The answer made no sense to the reaver, but its master seemed satisfied with it.
The meager swarm swore their allegiance to the Lich there beneath Rahkin without an ounce of deception in their heart. Only then did the yellow magic of seeking and the purple wards of binding begin to fade to black, leaving the reaver standing there in a new darkness that was lit only by hundreds of tiny red eyes and no specific orders about what it was supposed to do next.
Unfortunately, when all was said and done, it was not given back its previous mission of mindless slaughter. Instead, it was forced to assist these rats in their new order: starvation. Though it would get to do some killing yet, that would be incidental to the larger goal.

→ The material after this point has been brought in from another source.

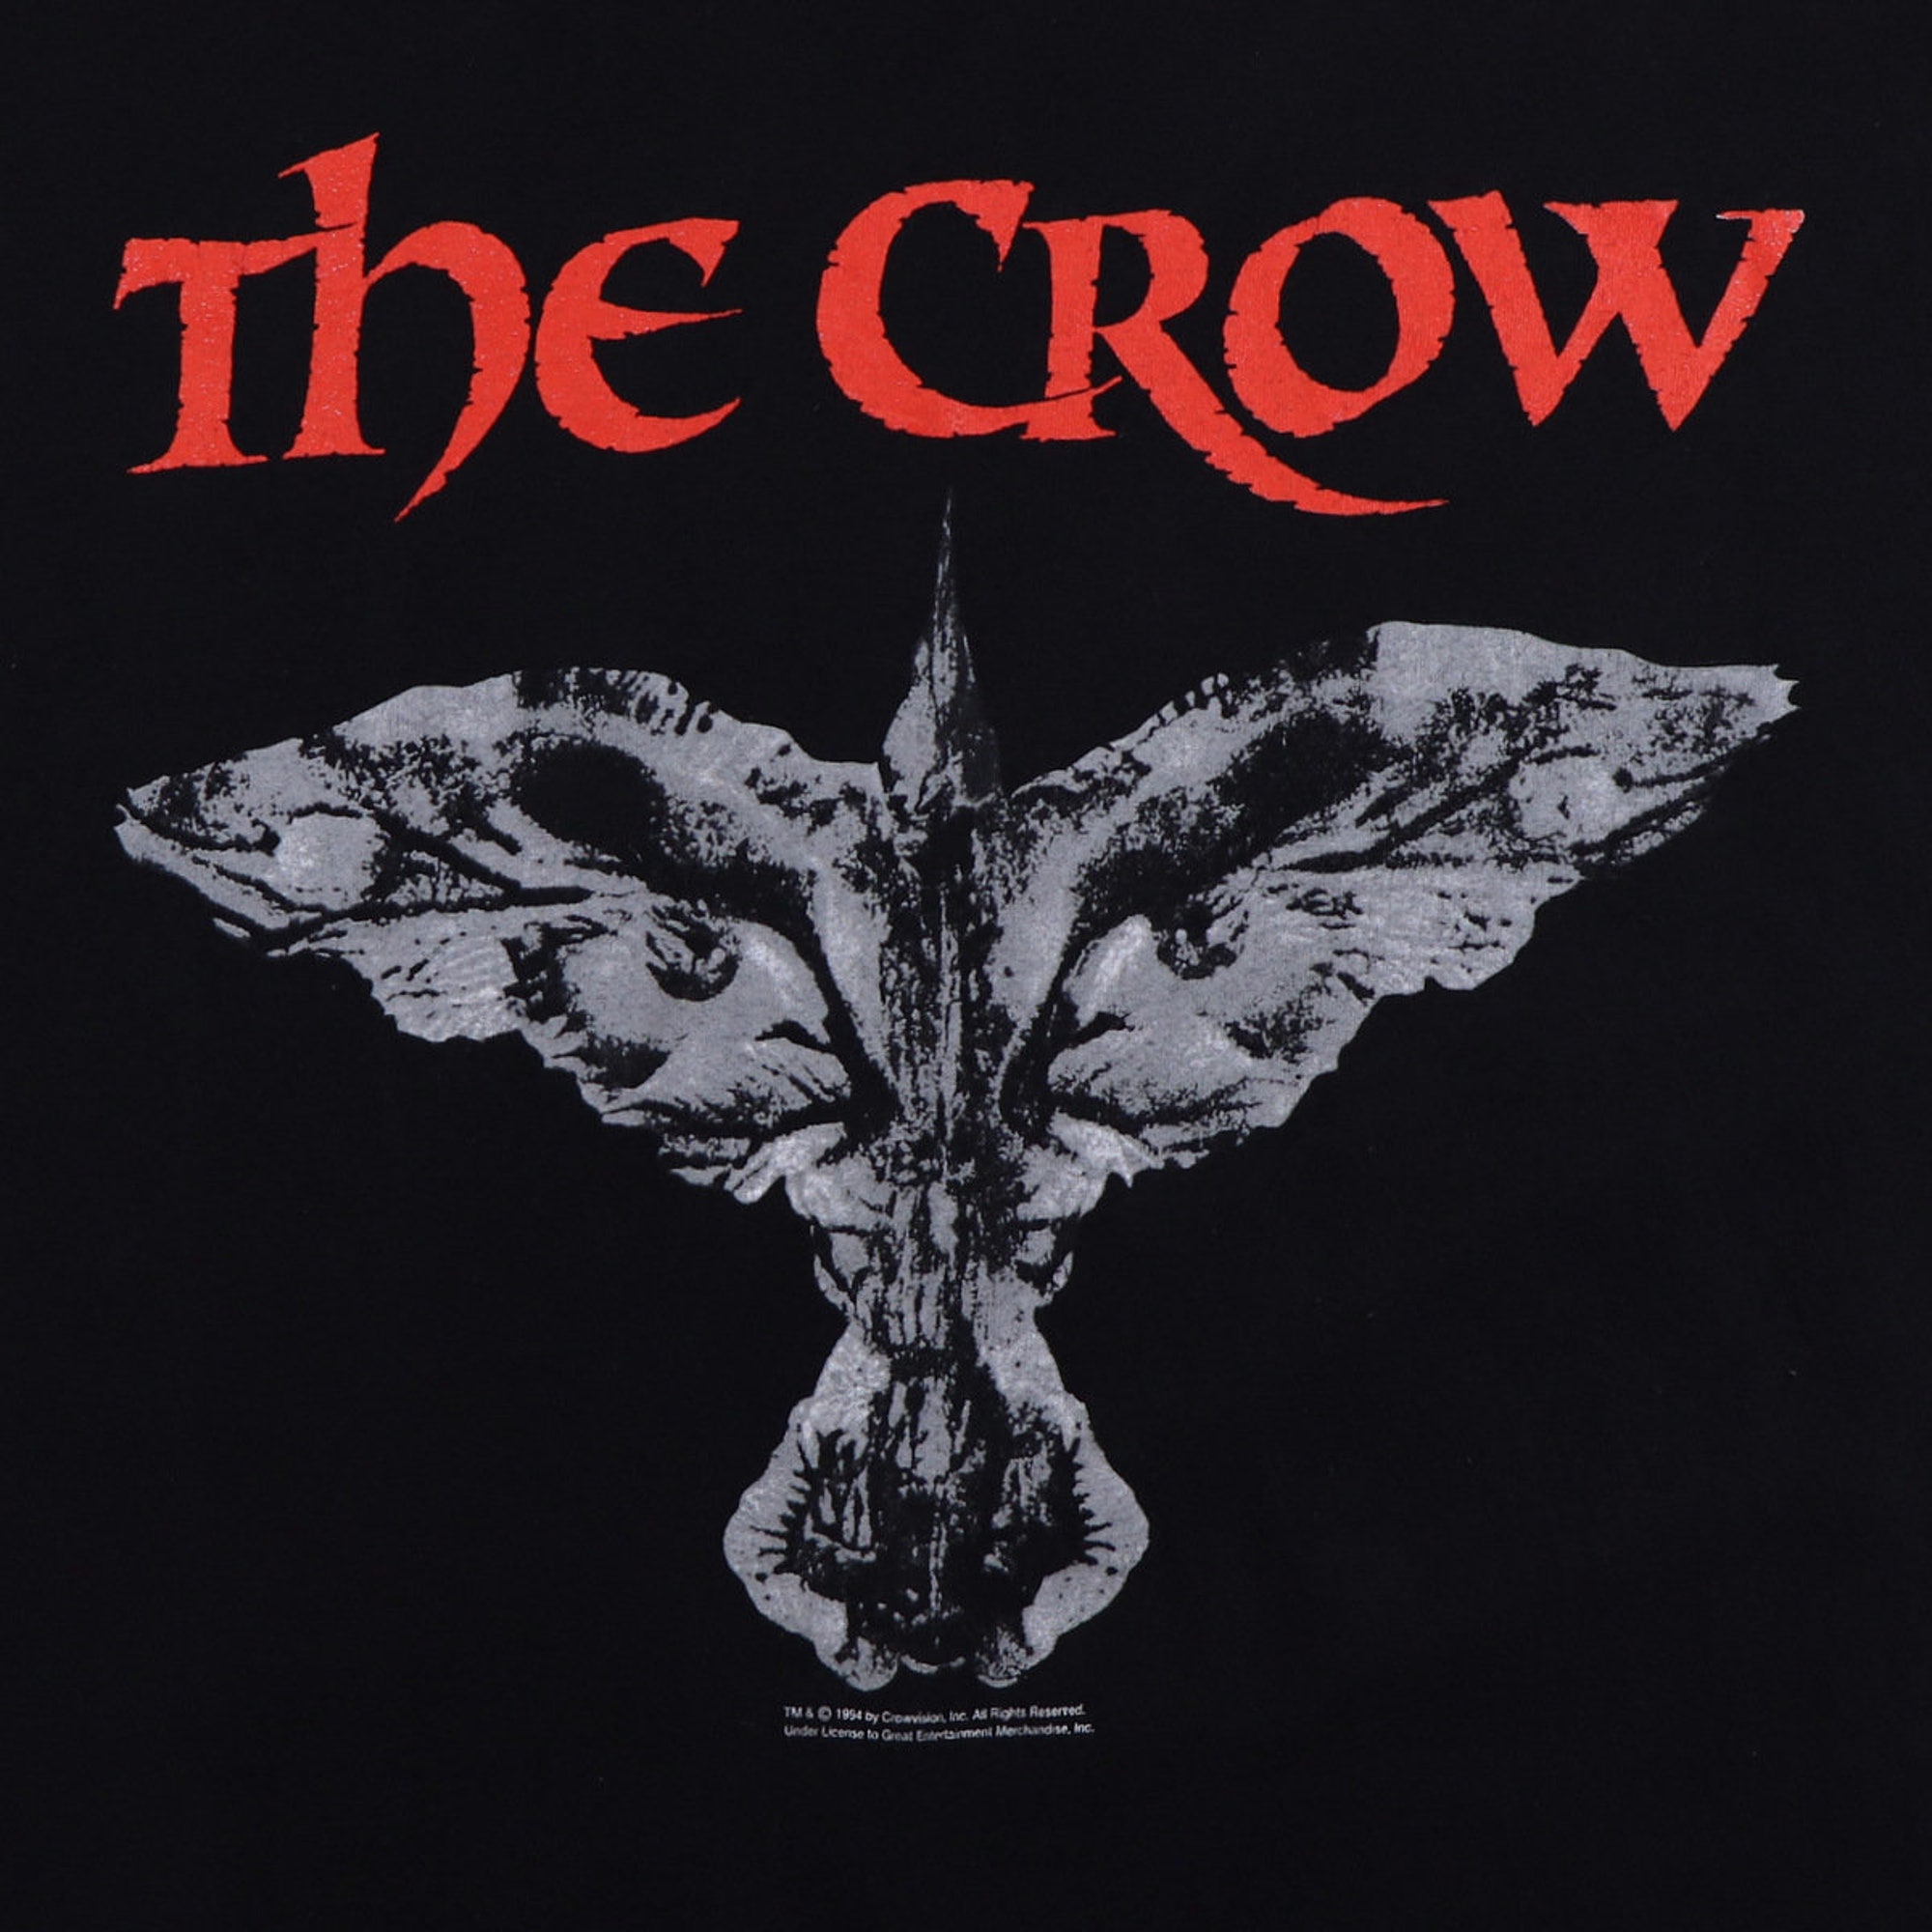 vintage 1994 The Crow Believe In Angels Shirt

The fall harvest was coming in now, and thanks to magic, it was better than it had any right to be. The humans were experiencing hope for the first time in a year because of that, and it would have to be not just stopped but reversed for the siege that lay ahead.
“Make them rue the day that they dared refuse my generous offer,” the Lich declared to both of them. “Make them weep and gnash their teeth until they have nothing left to eat but dust as the corpses of the fallen!”